Electroweak scale seesaw and heavy Dirac neutrino signals at LHC

TL;DR

This paper demonstrates that electroweak scale quasi-Dirac heavy neutrinos, both singlets and triplets, can be detected at the LHC with relatively low luminosity, challenging previous assumptions about their observability.

Contribution

It introduces a mechanism for low-scale seesaw models with quasi-Dirac neutrinos and analyzes their potential signals at the LHC, including novel final states.

Findings

Heavy Dirac neutrino singlets (~100 GeV) observable at 5 sigma with 13 fb^-1

Heavy neutrino triplets (~300 GeV) detectable with 1.5 fb^-1

New three-lepton final state enhances detection prospects

Abstract

Models of type I seesaw can be implemented at the electroweak scale in a natural way provided that the heavy neutrino singlets are quasi-Dirac particles. In such case, their contribution to light neutrino masses has the suppression of a small lepton number violating parameter, so that light neutrino masses can arise naturally even if the seesaw scale is low and the heavy neutrino mixing is large.

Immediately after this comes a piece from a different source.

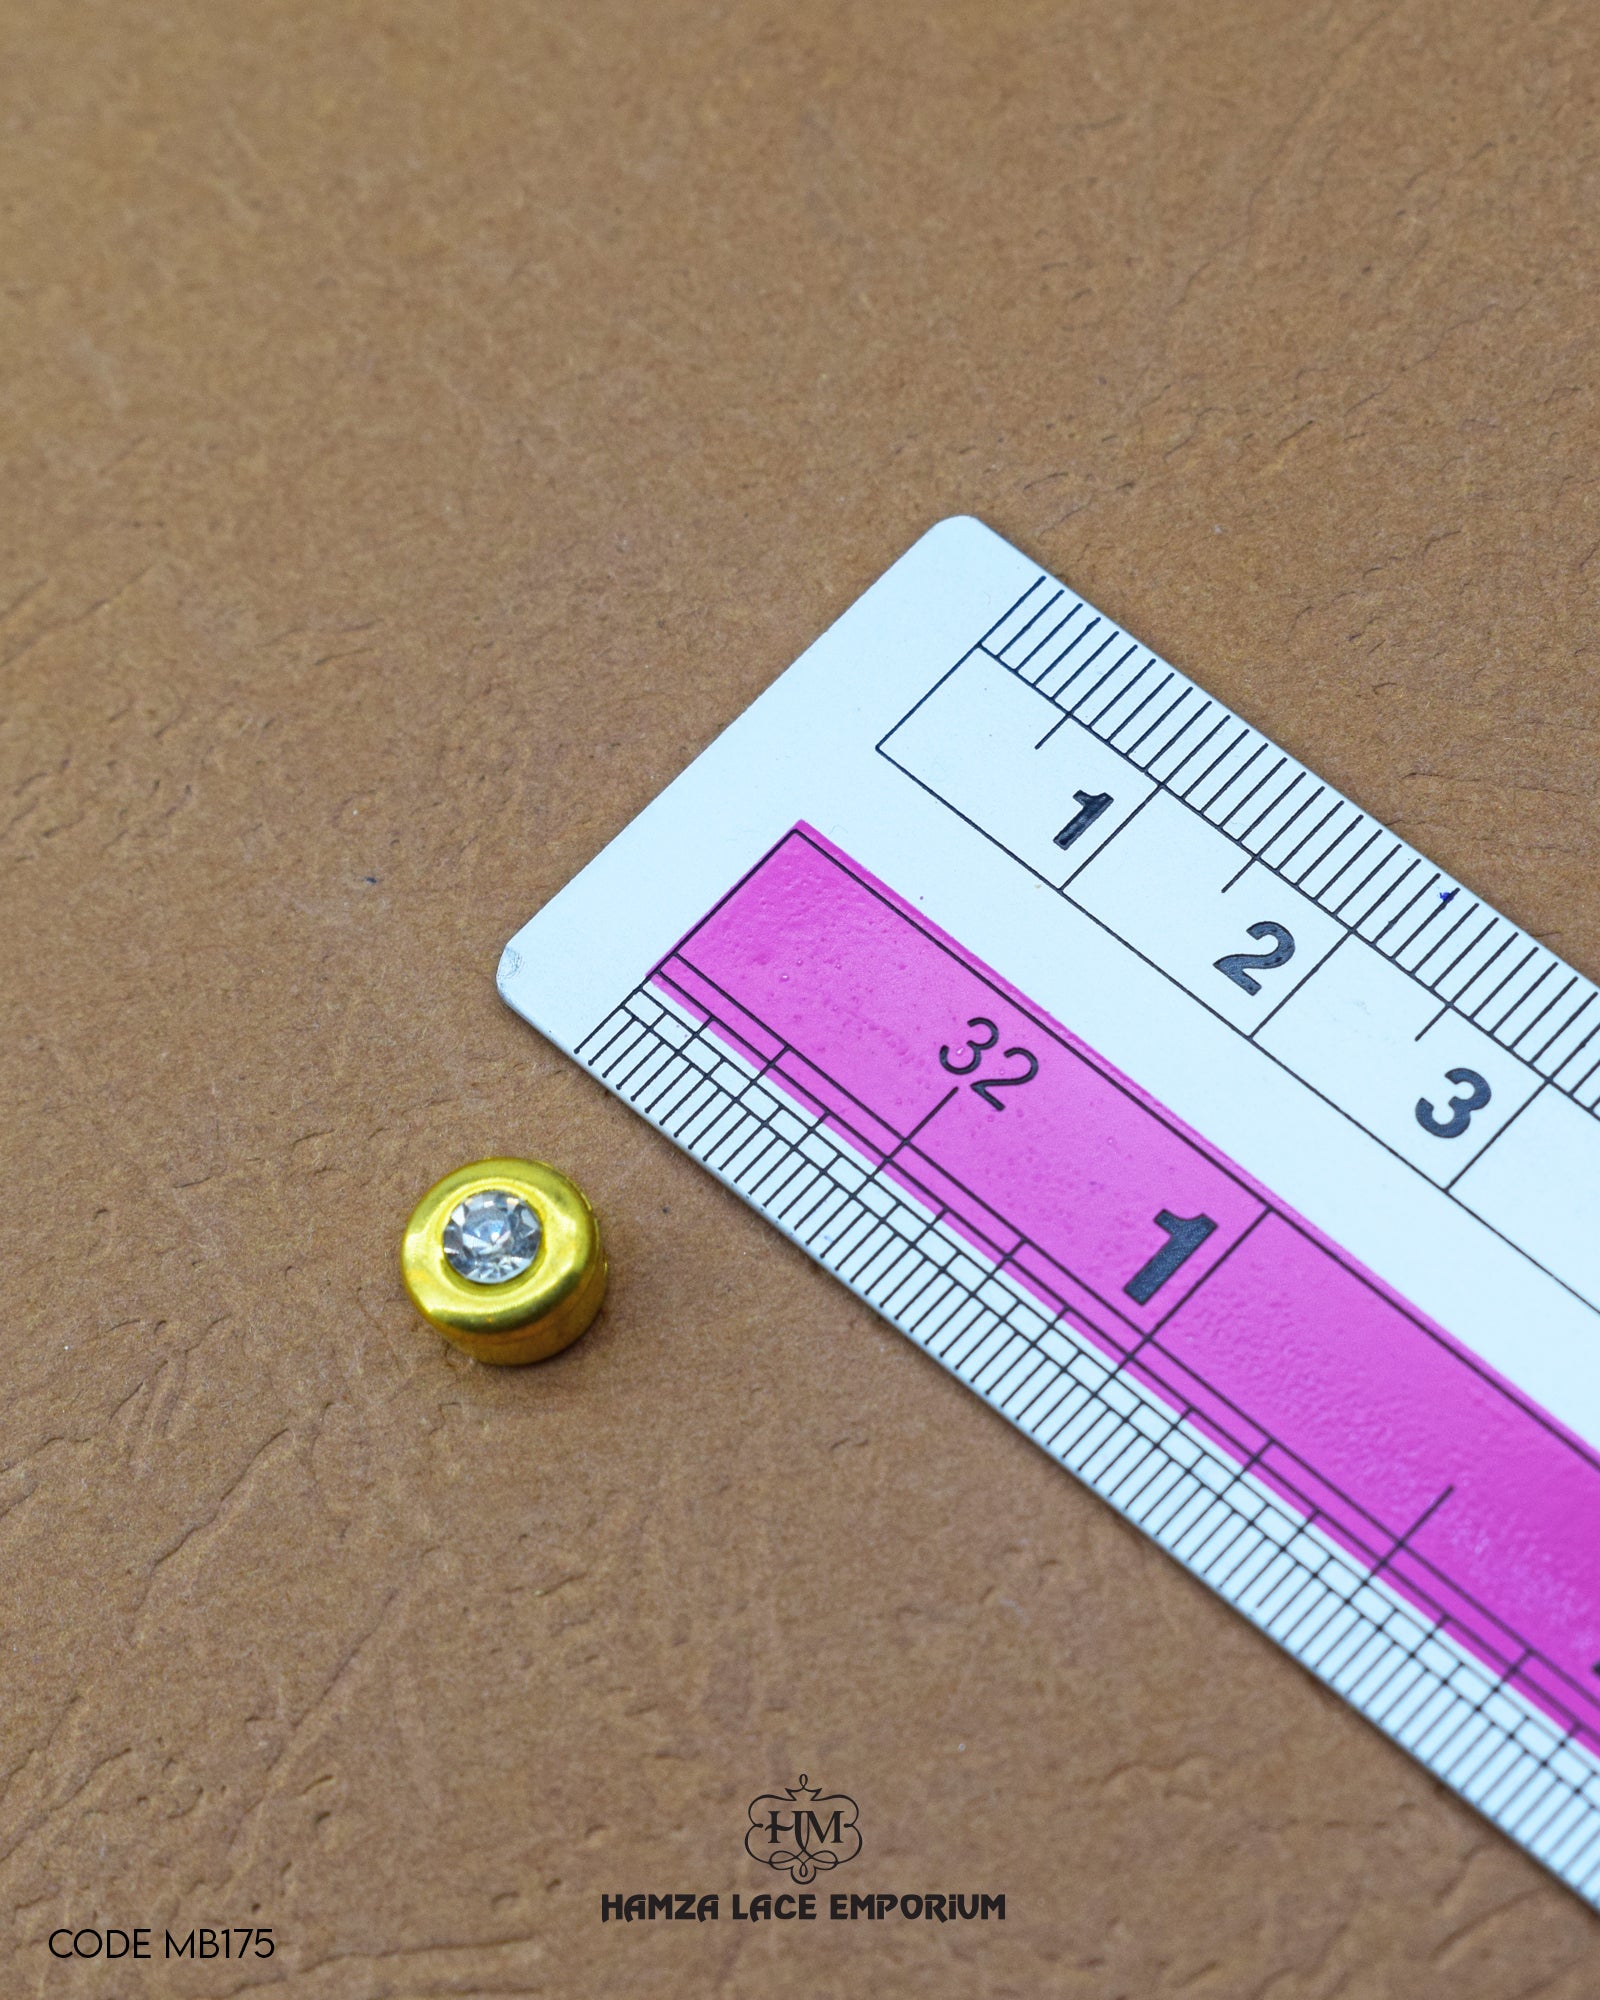 The size of the 'Metal Stone Button MB175' is measured using a ruler.

We implement the same mechanism with fermionic triplets in type III seesaw, deriving the interactions of the new quasi-Dirac neutrinos and heavy charged leptons with the SM fermions. We then study the observability of heavy Dirac neutrino singlets (seesaw I) and triplets (seesaw III) at LHC. Contrarily to common wisdom, we find that heavy Dirac neutrino singlets with a mass around 100 GeV are observable at the 5 sigma level with a luminosity of 13 fb^-1. Indeed, in the final state with three charged leptons l+- l+- l-+, not previously considered, Dirac neutrino signals can be relatively large and backgrounds are small. In the triplet case, heavy neutrinos can be discovered with a luminosity of 1.5 fb^-1 for a mass of 300 GeV in the same channel.